=== What you have to do ===
Copy exactly, and only, the lines from the one with "Handmade Pottery Rimless" to the end of the listing; omit pictures.

(Input data)

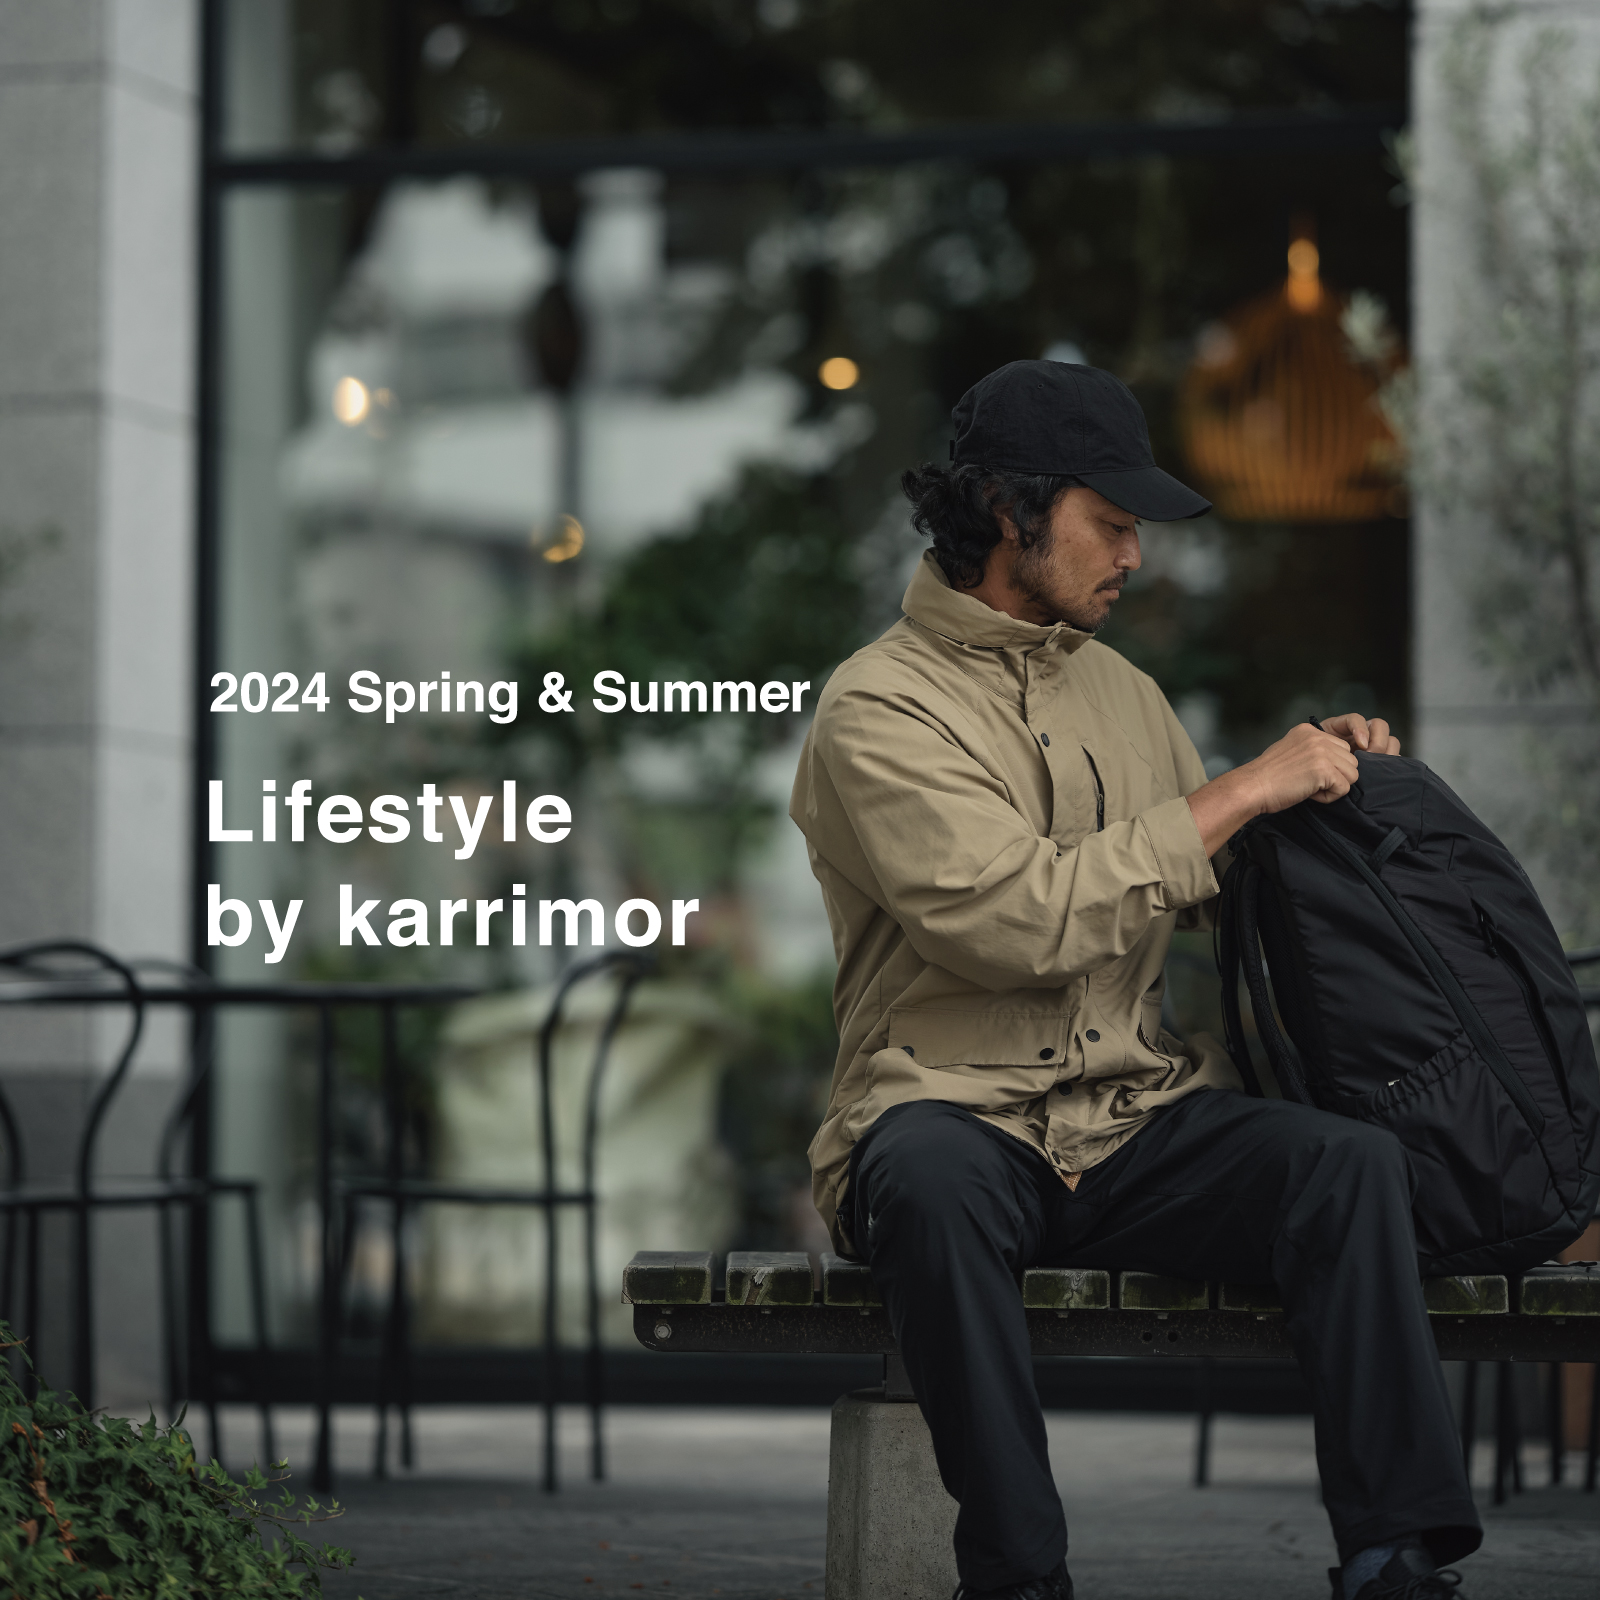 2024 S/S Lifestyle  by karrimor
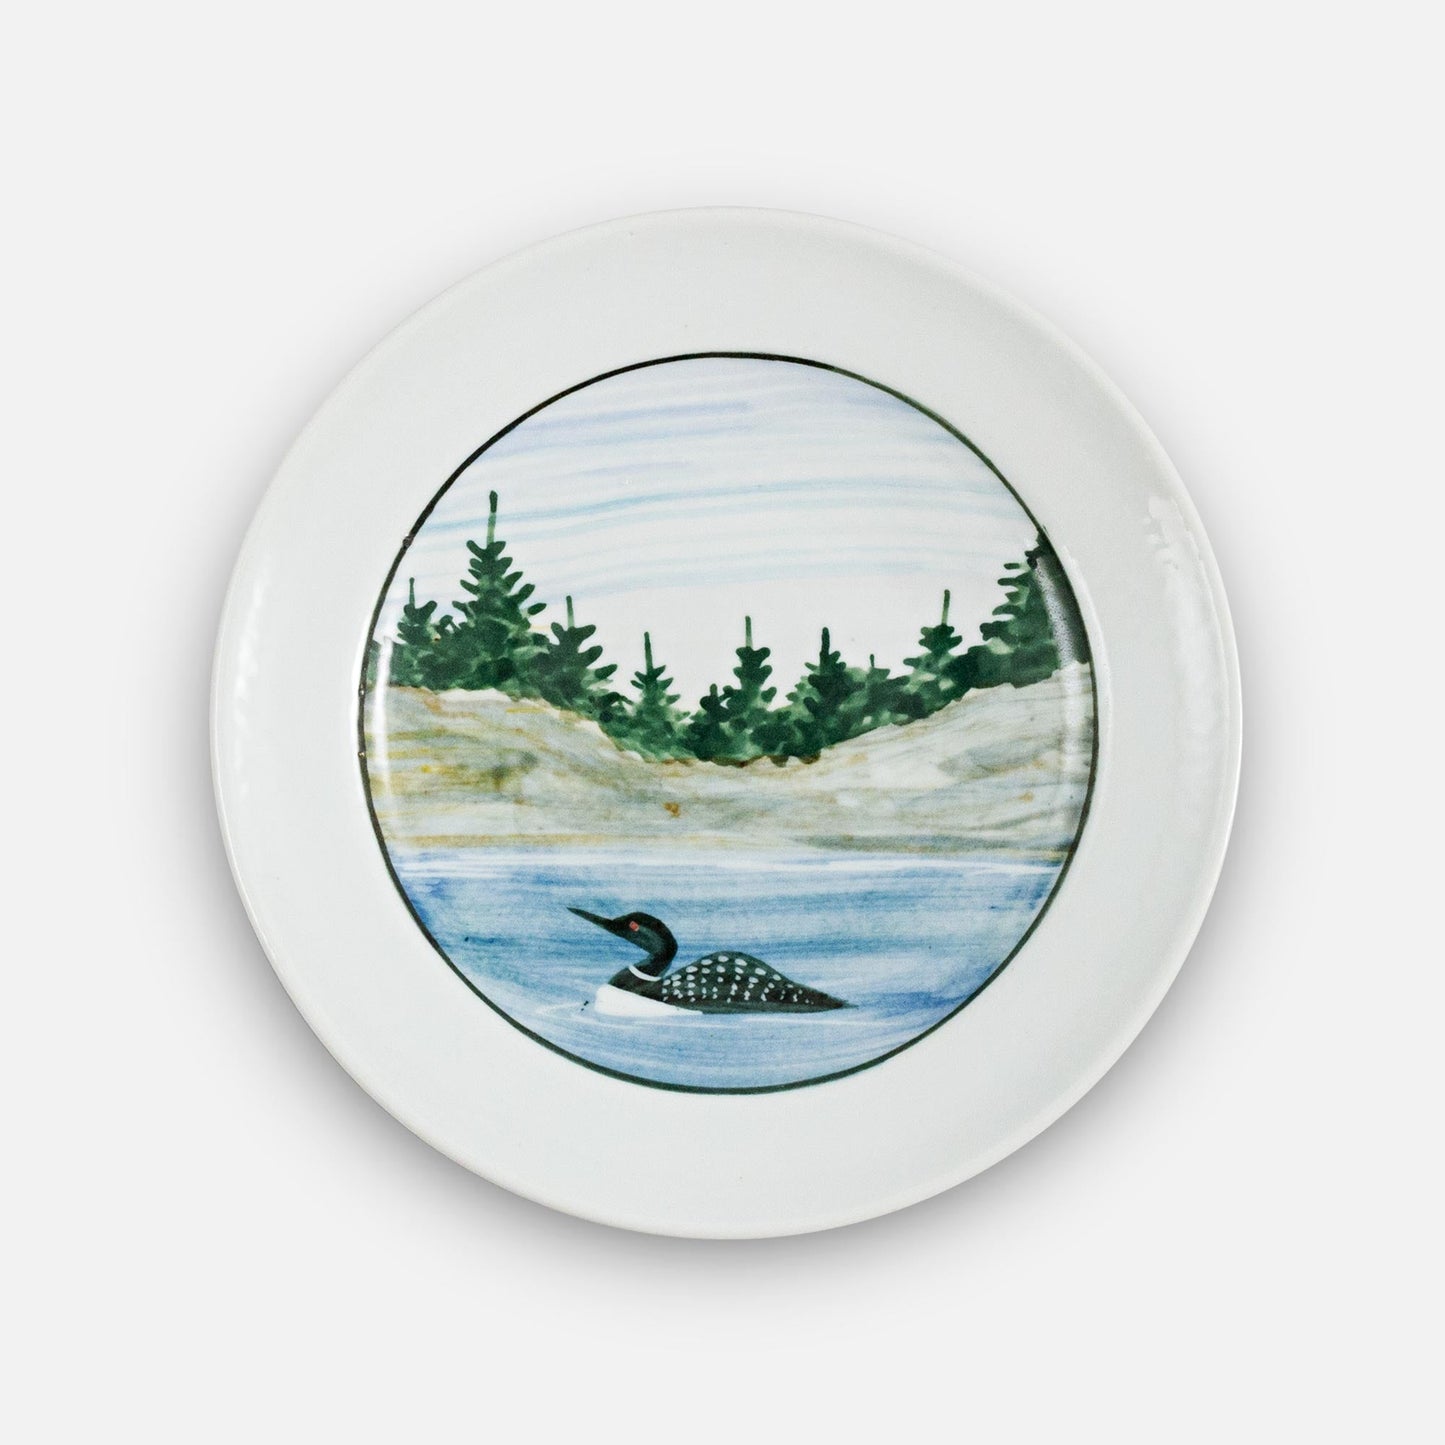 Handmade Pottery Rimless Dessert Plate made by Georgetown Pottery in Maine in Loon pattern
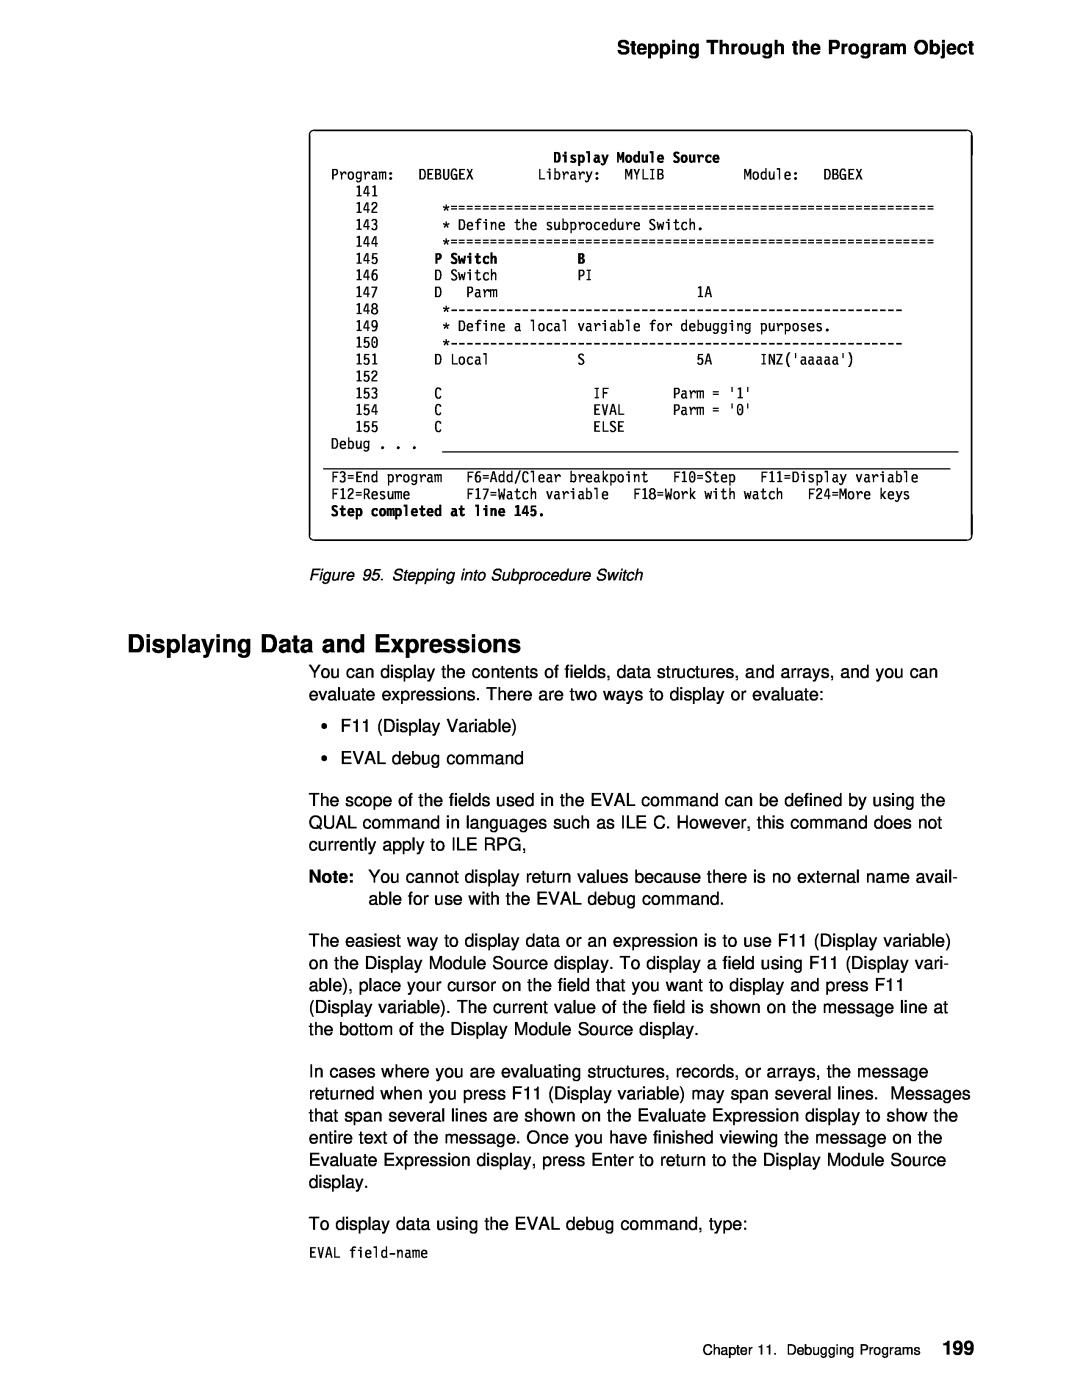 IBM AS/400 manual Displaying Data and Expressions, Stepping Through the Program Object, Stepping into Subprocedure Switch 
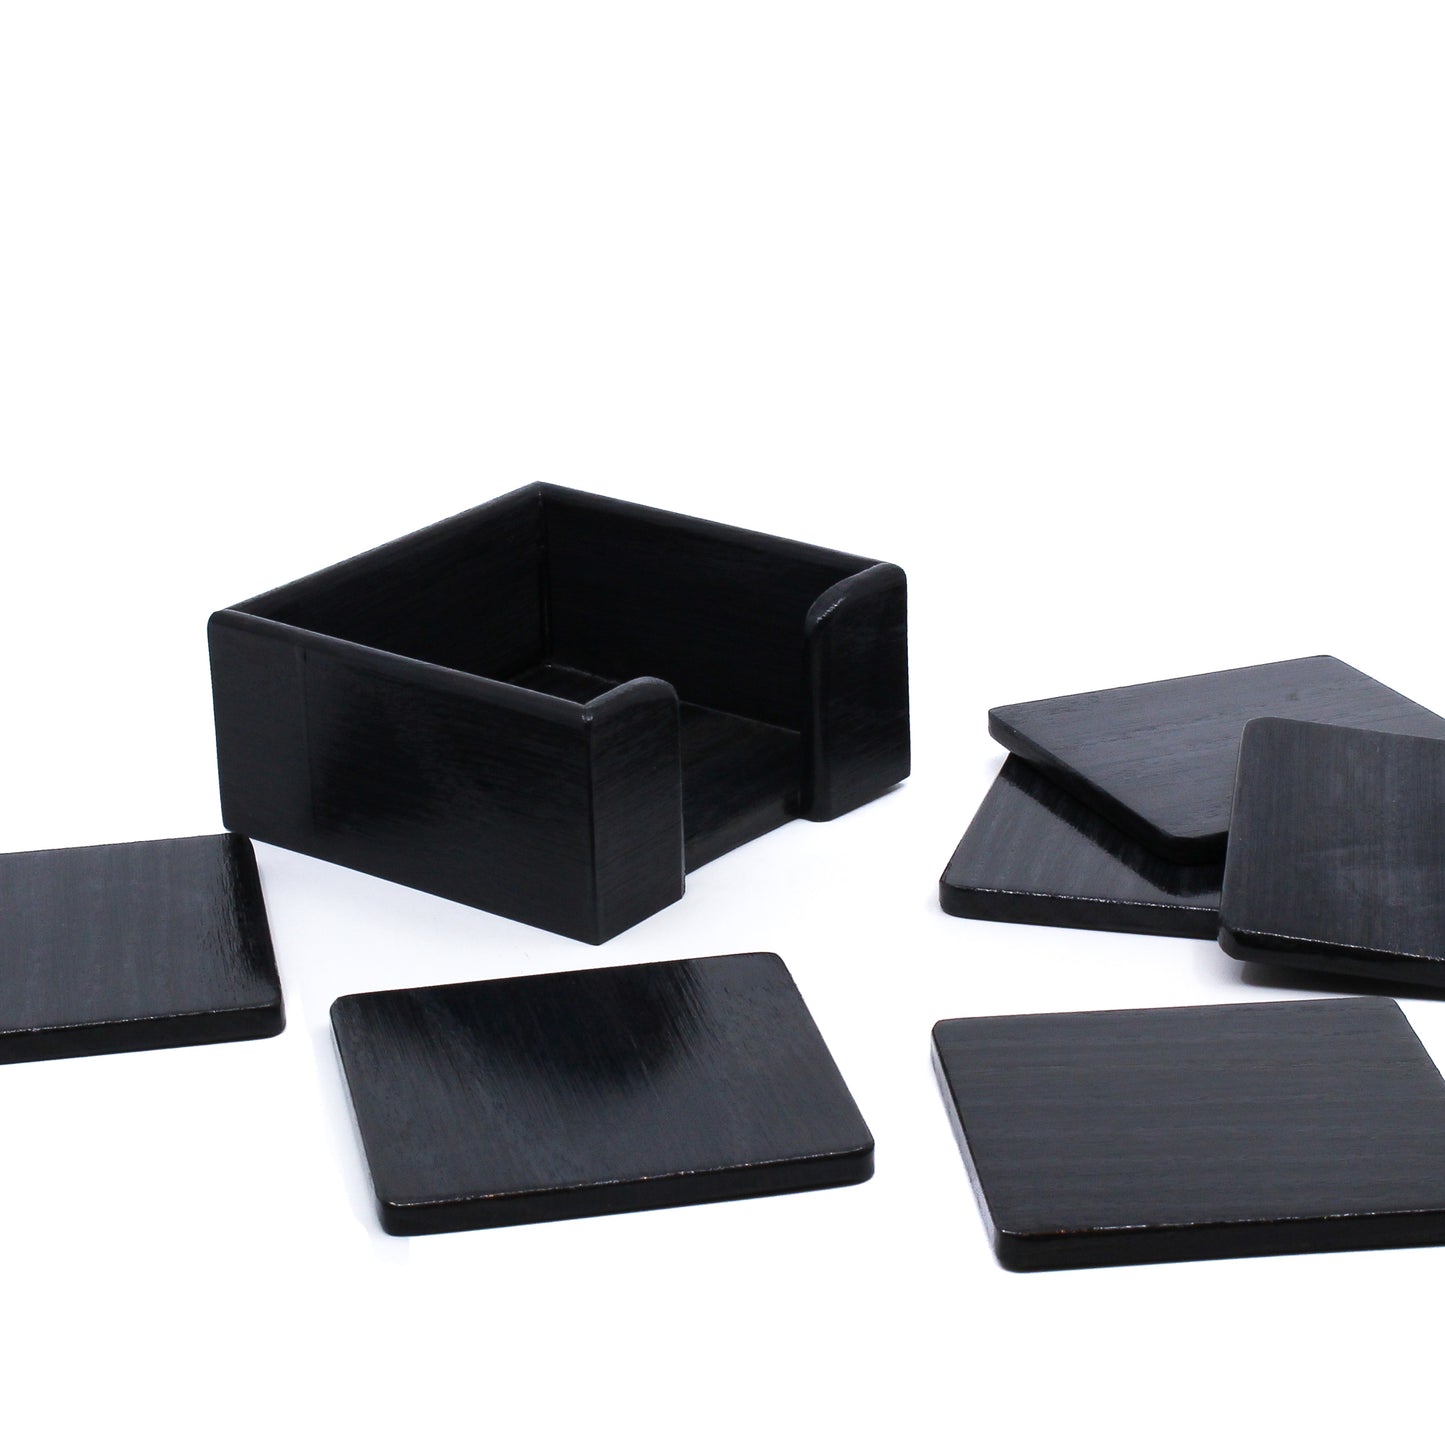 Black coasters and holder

(End Input data)

=== Answer to the exercise ===
 Handmade Pottery Rimless Dessert Plate made by Georgetown Pottery in Maine in Loon pattern
 IBM AS/400 manual Displaying Data and Expressions, Stepping Through the Program Object, Stepping into Subprocedure Switch 
 Black coasters and holder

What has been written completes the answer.